2. Everything matters. Some people can feel overwhelmed by this way of thinking. It can be an avalanche of thoughts and considerations — overkill. Everything can become commonplace when one cannot separate the wheat from the chaff. Be your own critic. Sort out what exactly you want to express… then everything you express will matter. Whether others will make the connection is an altogether different subject.

3. Surprise and delight. This one is tricky. Find out why you paint. Painting is a great release of energy. That energy could be as simple as feeling great on a particular day. When my long-time companion dog died, I painted to release the grief, plus honor the spirit of my relationship with my dog. Was it a delight? No, but worth doing. I paint because it is worth doing.

4. Embrace resistance. This one begs the question, how? My answer is… get on with it. Mental motivation coupled with passion will equal action. Talk to yourself. Let your feelings about what is going on rise to the surface, then take action. Prepare your workspace. Lay out your paints and tools. Once I do this, I then look at the surface on which I will be painting and let things happen. Get yourself mentally prepared and then let all your feelings guide you to “do your thing.”

5. Leave your mark. Ego can get in the way of the creative process. I think most people paint and create first and foremost as a matter of self-expression. Sharing your work with friends or selling your art can be a good thing, but it should not be the impetus for being creative. What is your motive?


Live every minute
by Jeri Lynn Ing, Red Deer, AB, Canada


“We turned right at airdrie”
acrylic painting
by Jeri Lynn Ing

I have lived by these principals and they do work. I am an artist and a gallery owner and love every minute of it. Why? Because I love being able to leave my mark. I love to share the joy of my art and the art of others to everyone who comes to my gallery. I love that everything matters and that each piece of art will surprise and delight someone at sometime. When it comes to resistance I rely on my faith and my friendships to straighten my thinking and then I am off once again to see where the next mark will be left. You can make an ordinary day extraordinary by just living with these principals. Make each day have a purpose and live the life you were chosen for.

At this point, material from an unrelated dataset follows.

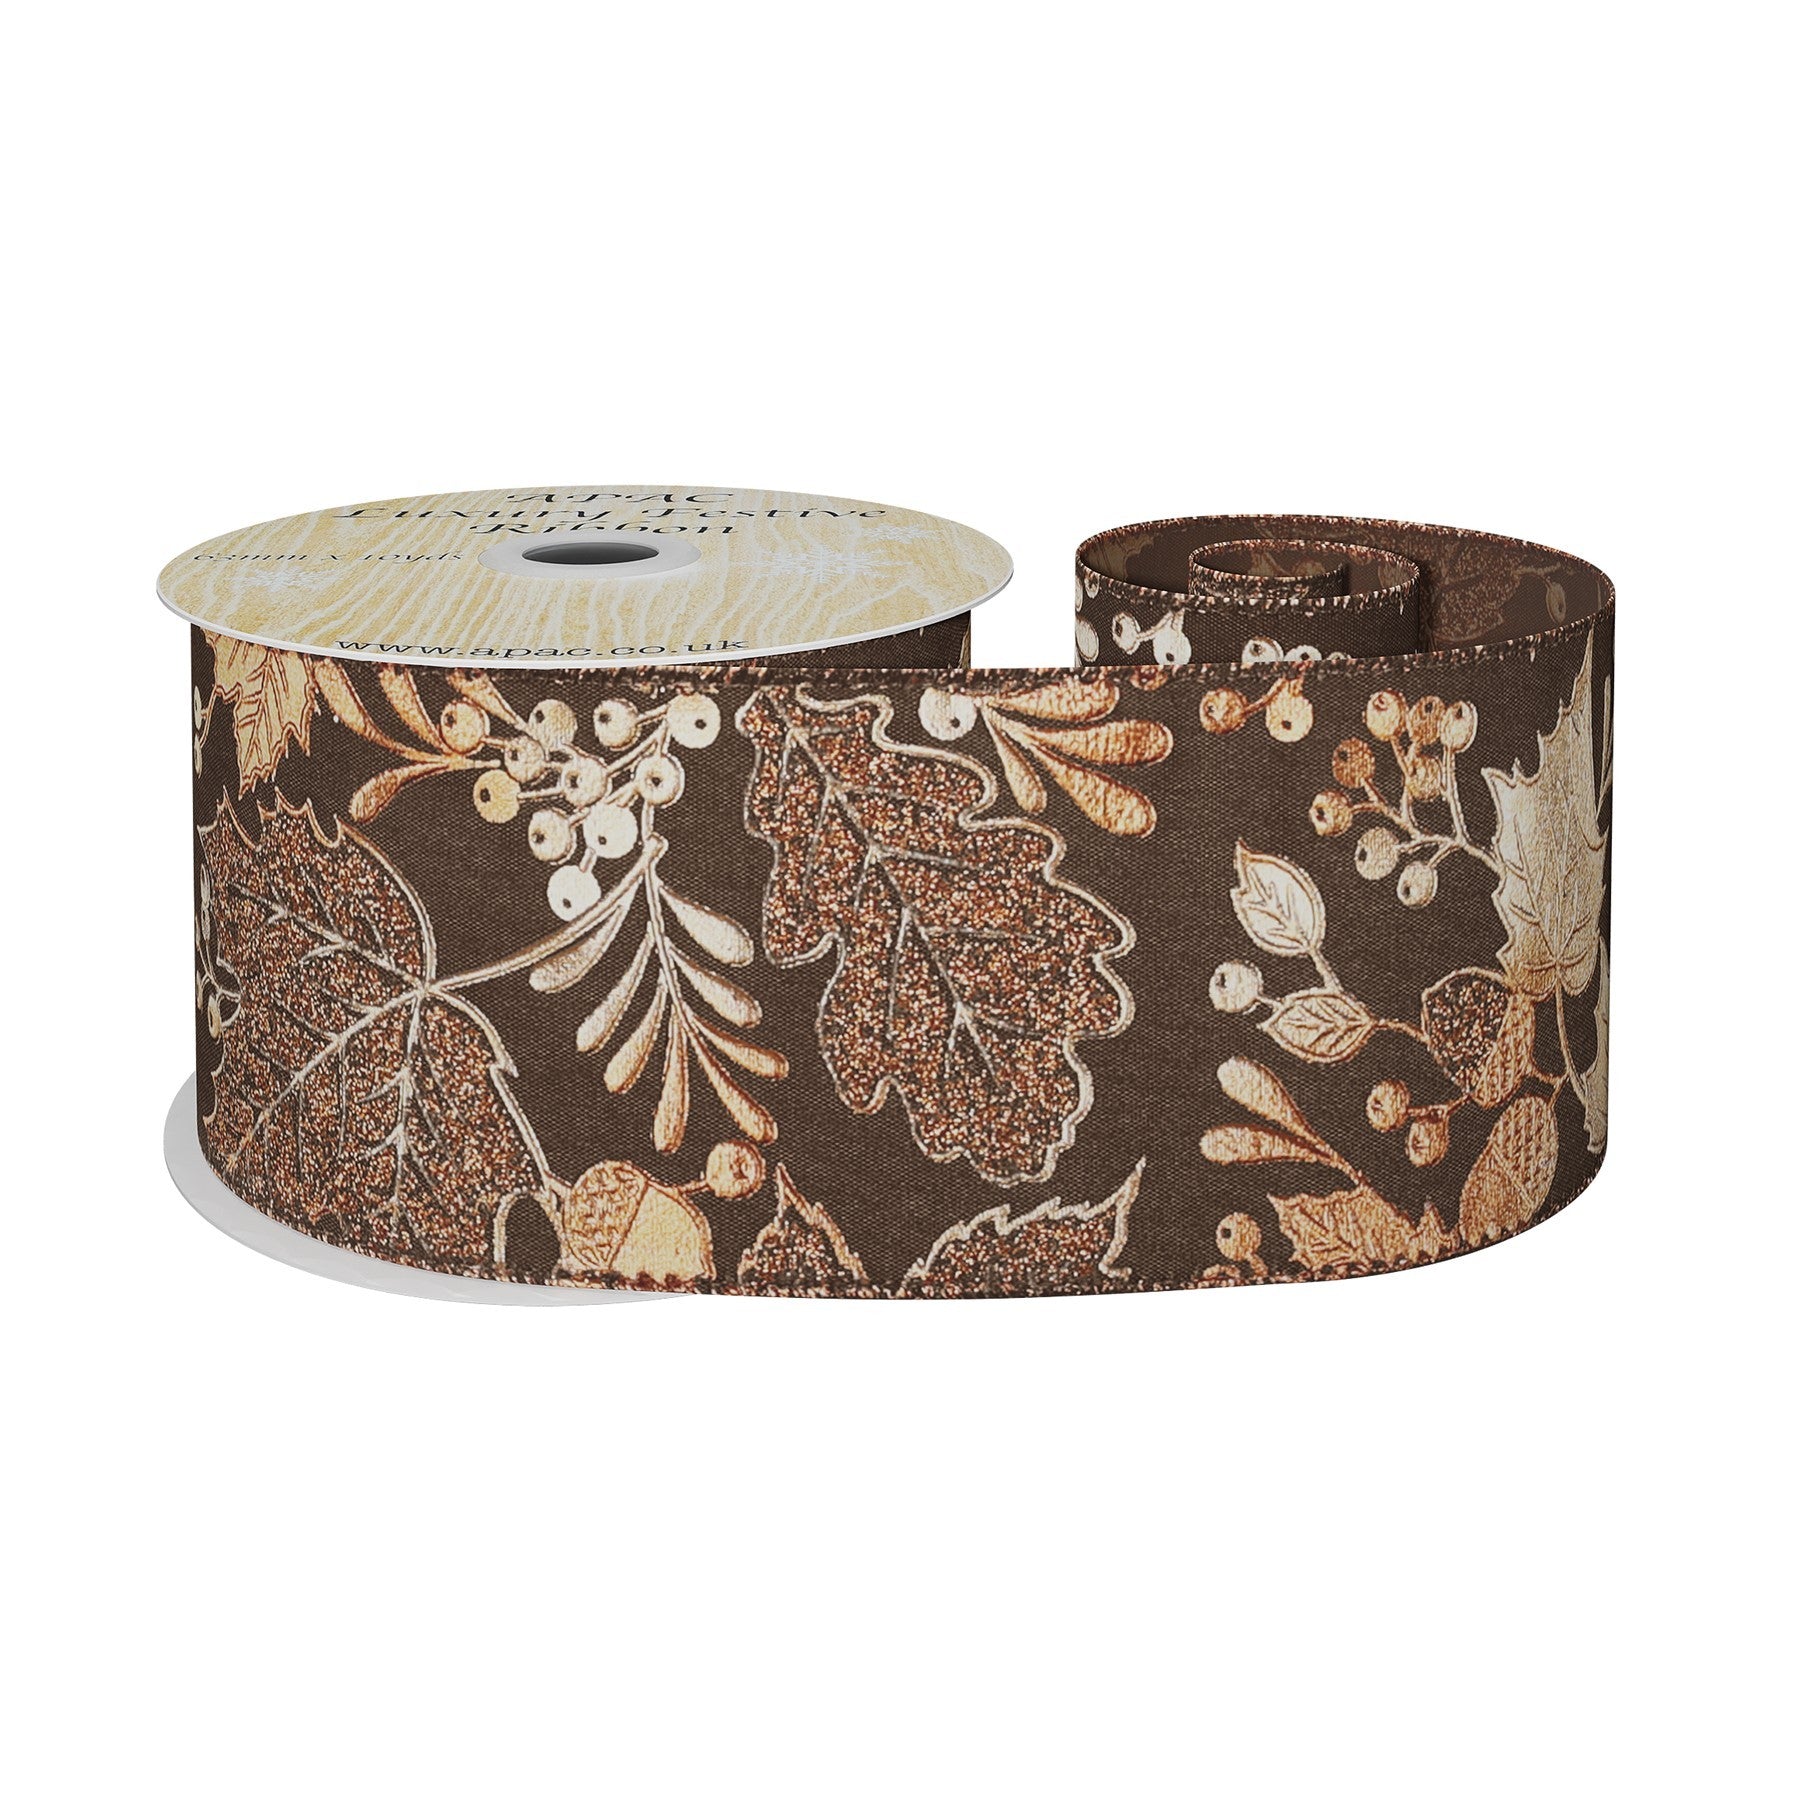 View Autumn Ribbon with Metallic Copper Leaf 63mm x 10 yards information

More of the same at Starbucks
by Jeffrey Hessing, Nice, France


oil painting
by Jeffrey Hessing

I always had my doubts about Starbucks. In the beginning it was just because I’m opposed to finding the same stores, coffee, food, clothing accessories, everywhere in the world. Main streets all over the world begin to all look the same — like airports or highway stops, same food, same gifts. During the past year I have frequently been in Shanghai. I love the city, the people and the food but sometimes miss an American breakfast. Thus the worldwide success of Starbucks and other chains. Wherever you go you are sure to get the same quality. When you enter a Starbucks in China you are greeted by a line of smiling and waving girls and boys in their red uniforms who are so happy to see you it is a bit disconcerting, surreal, exaggerated and a little endearing as well. While I have mixed feelings about Starbucks, their five principles will work well for almost everyone in every situation.


Starbucks an art patron
by Roger Cummiskey, Dublin, Eire


Roger’s paintings in the Slatwall Gallery

Last year I was a happy artist when, totally out of the blue, an independent consultant who makes recommendations for art purchases for Starbucks suggested one of my paintings for their first coffee shop in Ireland. They bought it and now it hangs in their College Green, Dublin shop. In addition they decided to produce 10,000 bookmarks of the same painting with my web address and name on it to give to their customers. They also have what they call a small Slatwall Gallery in their store that takes a few paintings from a couple of artists. Guess what? I had four small oil paintings on the wall and on the official opening night, which I attended. I met the head of Bucks who fell in love with them and bought six! I had the extra two from the set in the trunk of my car! A few days later they went to Seattle.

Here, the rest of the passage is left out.